The ReTV project provides novel information services to cope with a rapidly changing digital media landscape. Emerging technologies continuously redefine the demands and expectations of TV viewers. Online video, for example, keeps gaining momentum. This digital shift requires broadcasters to evolve into multi-channel content publishers.
In addition to their broadcasts, they need to manage their own Web applications and integrate content with third-party Web platforms such as YouTube and Zattoo. They also seek new ways to engage users and stakeholders. One way to increase the level of engagement are social networking platforms such as Facebook and Twitter. Broadcasters also offer streams via mobile channels, manage SmartTV apps and make their vast archives available in digital form.
Trans-Vector Platform (TVP)
ReTV offers the Trans-Vector Platform (TVP) for broadcasters and their content partners (archives, OTT services, etc.). The TVP provides deep insights into how media content is being engaged with, and by whom. Highly scalable recommendation and prediction services allow to better manage and repurpose content assets across established and emerging channels (= media vectors). This helps to keep broadcasters competitive in the digital TV environment, attracting more viewers to their channels and ultimately generating more value from their content – whether through maximizing reach or engagement.
The TVP provides stakeholders with the ability to publish to all media vectors with the effort of one. It empowers broadcasters and brands to continuously measure and predict the success of their content and advertisements. Tracking reach and audience engagement across vectors guides the publication process and leads to better decisions.
Content Processing Workflow of the ReTV Project
ReTV provides media organizations with the following key functions:
- Collect an integrated repository of media assets from internal and external media vectors (media organizations’ own news archives, blogs, digital content streams from various social media platforms, etc.).
- Annotate these assets with extracted metadata such as keywords, sentiment and the referenced geographic locations, which are a prerequisite for the subsequent prediction and enhancement steps.
- Measure and visualize audience and content metrics from previously published assets (e.g. broadcast TV).
- Predict future topics of interest as well as the success of repurposed content based on these metrics, in terms of both reach and engagement.
- Enhance existing assets according to the predictions, determining which content should be re-used and in what form.
- Schedule when the playout/distribution should take place.
- Publish repurposed content and targeted ads to an array of vectors.

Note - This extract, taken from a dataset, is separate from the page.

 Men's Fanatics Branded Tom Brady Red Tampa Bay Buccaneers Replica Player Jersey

webLyzard led the ReTV system integration efforts, leveraging its existing portfolio of visual analytics components and expanding the predictive capabilities of its Web Intelligence platform. A flexible and highly scalable API framework facilitates the integration of additional vectors as they emerge. Once repurposed content is distributed across vectors based on ReTV recommendations, the continued gathering of content and corresponding audience metrics strengthens the analytic models. This in turn triggers a new content repurposing cycle that helps media organizations to optimize the distribution of their content assets.

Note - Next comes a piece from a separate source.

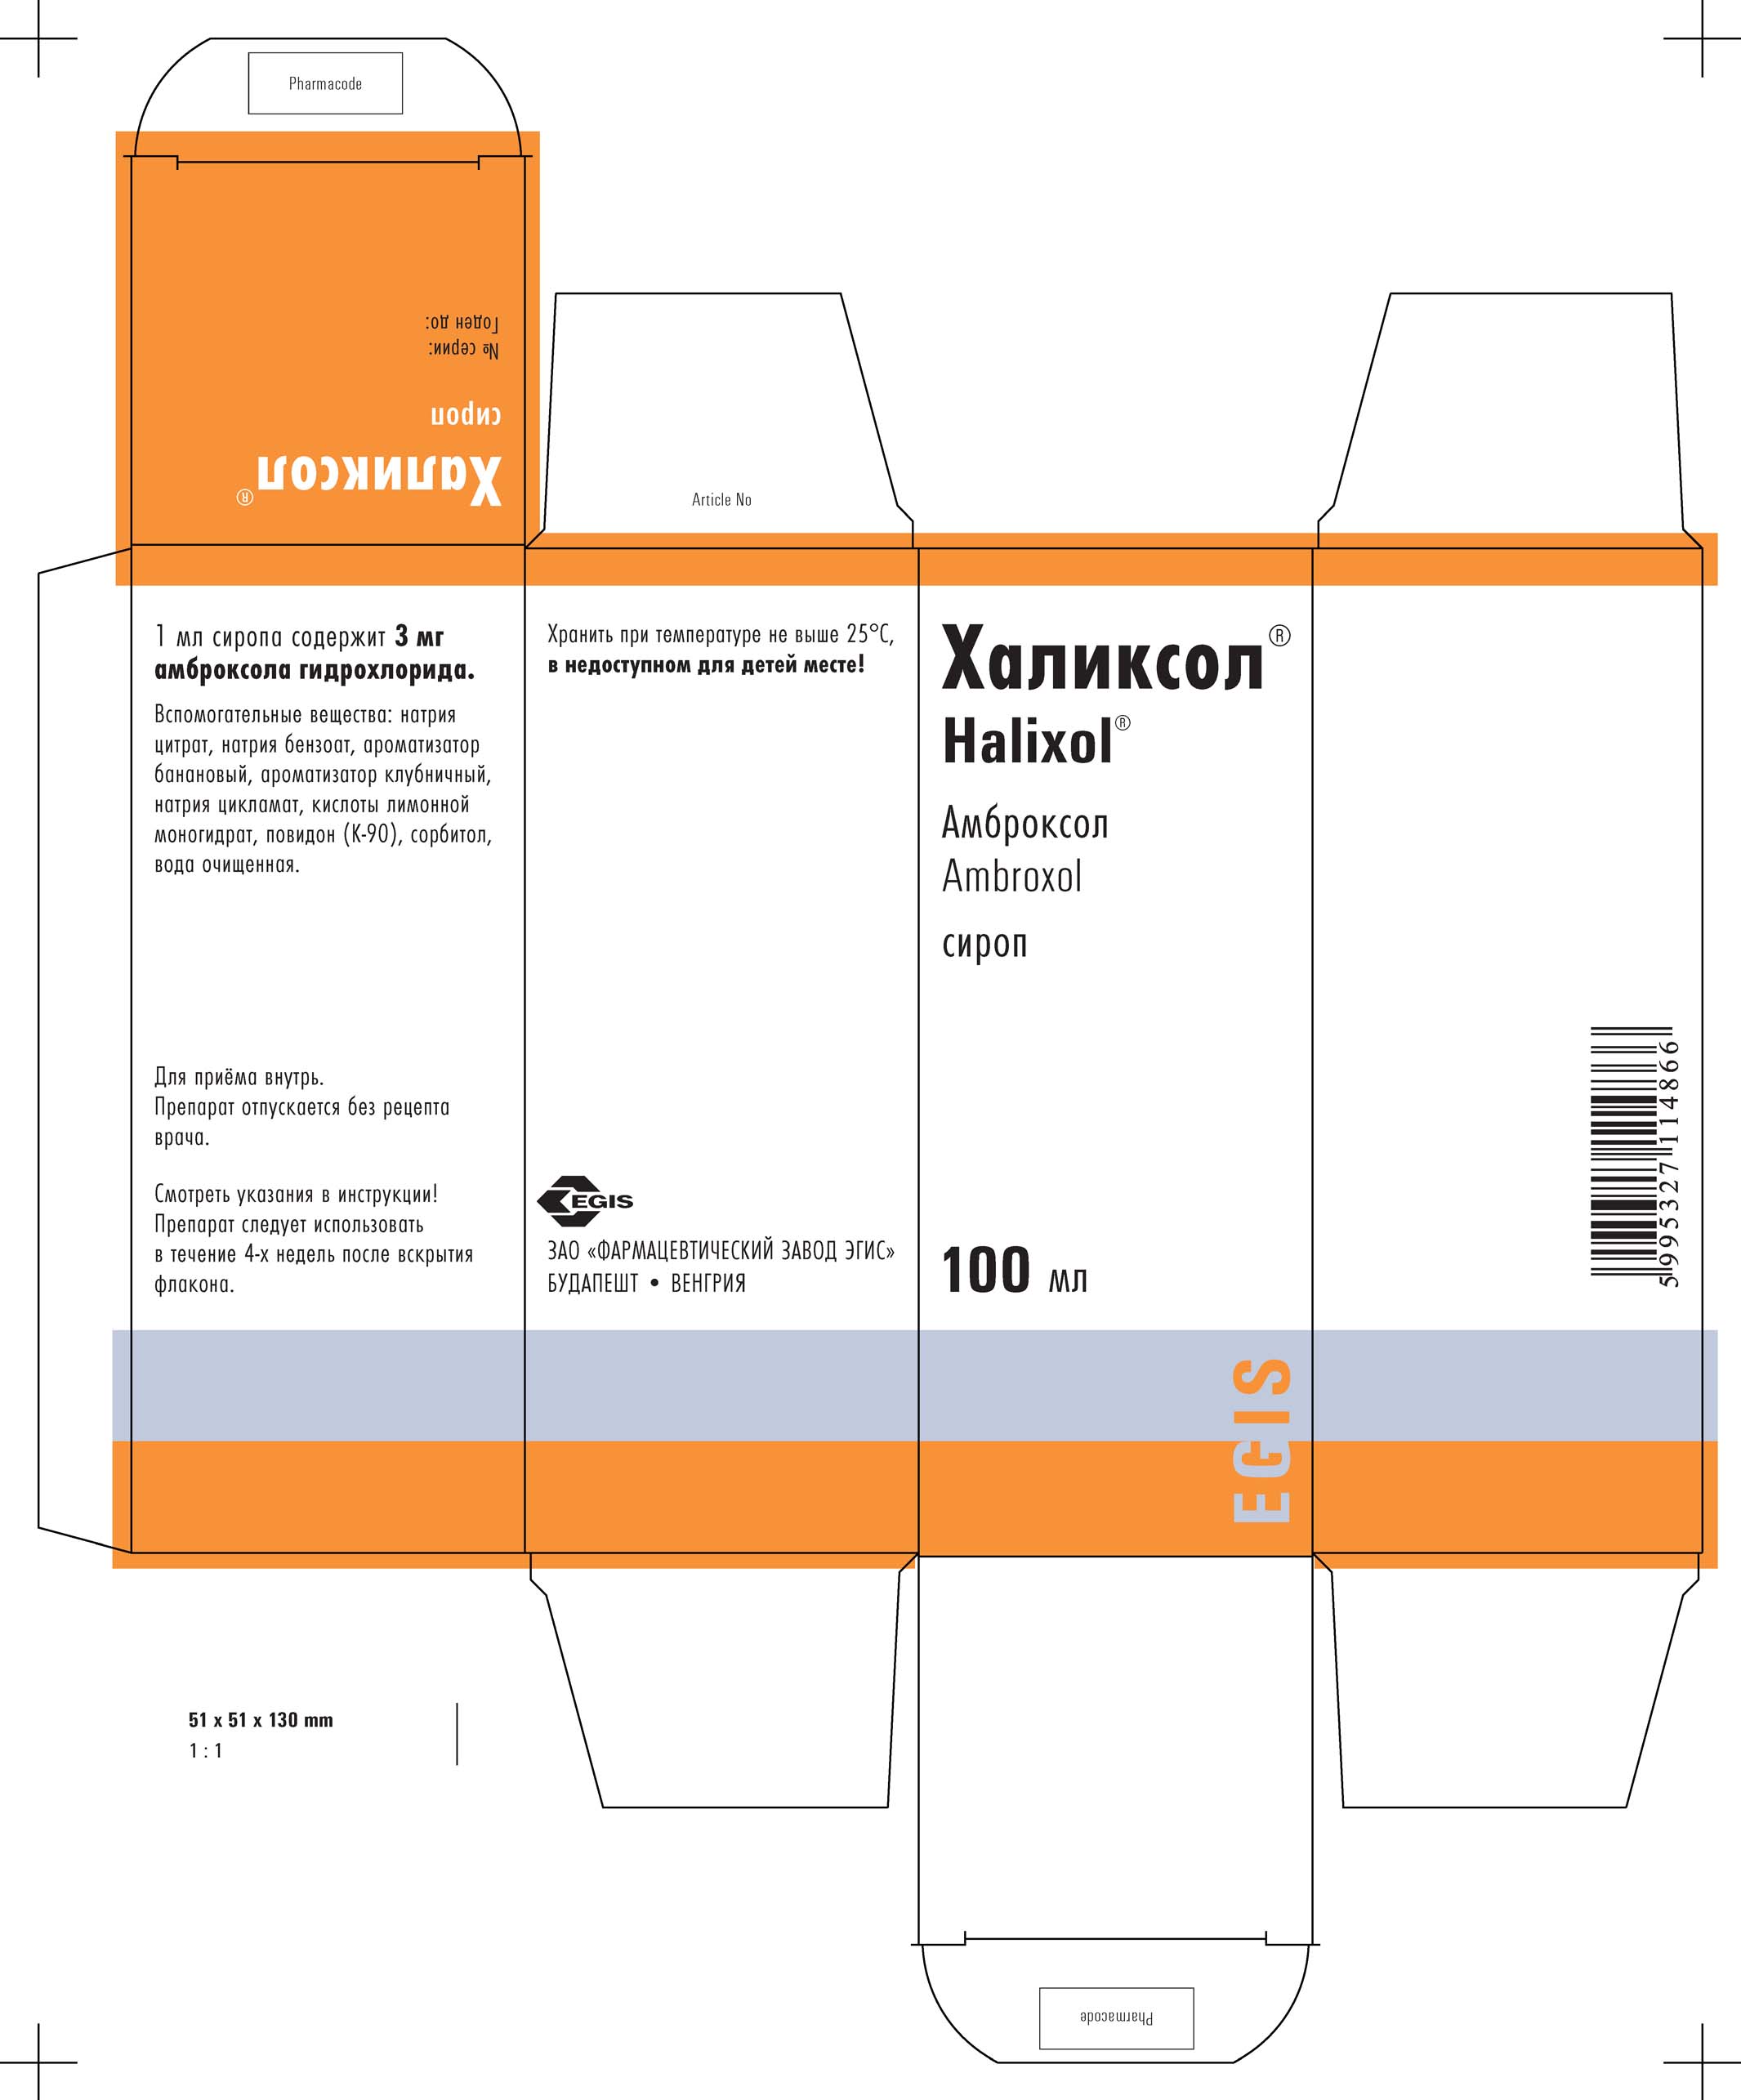 Халиксол сироп 300мг фл. 100мл - Муколитический препарат - Med911.am

Screenshot of the ReTV Topics Compass Dashboard, analyzing news coverage about the TV Series “Mandalorian” between October 2020 and May 2021
International ReTV Collaboration
ReTV is a Horizon 2020 Innovation Action funded by the European Union between 01 January 2018 to 31 March 2021. The involved partner organizations now continue the project through their post-project exploitation efforts. Business partners webLyzard and Genistat have designed and implemented the ReTV software and services. The technical partners Vrije Universiteit Amsterdam (VUA), MODUL Technology (MT) and the Centre for Research and Technology Hellas (CERTH) provided functional components, together with the know-how for their integration. The use case partners included Rundfunk Berlin-Brandenburg (RBB), a public European broadcaster with a significant audience, and the Netherlands Institute for Sound and Vision (NISV), a comprehensive audiovisual digital archive.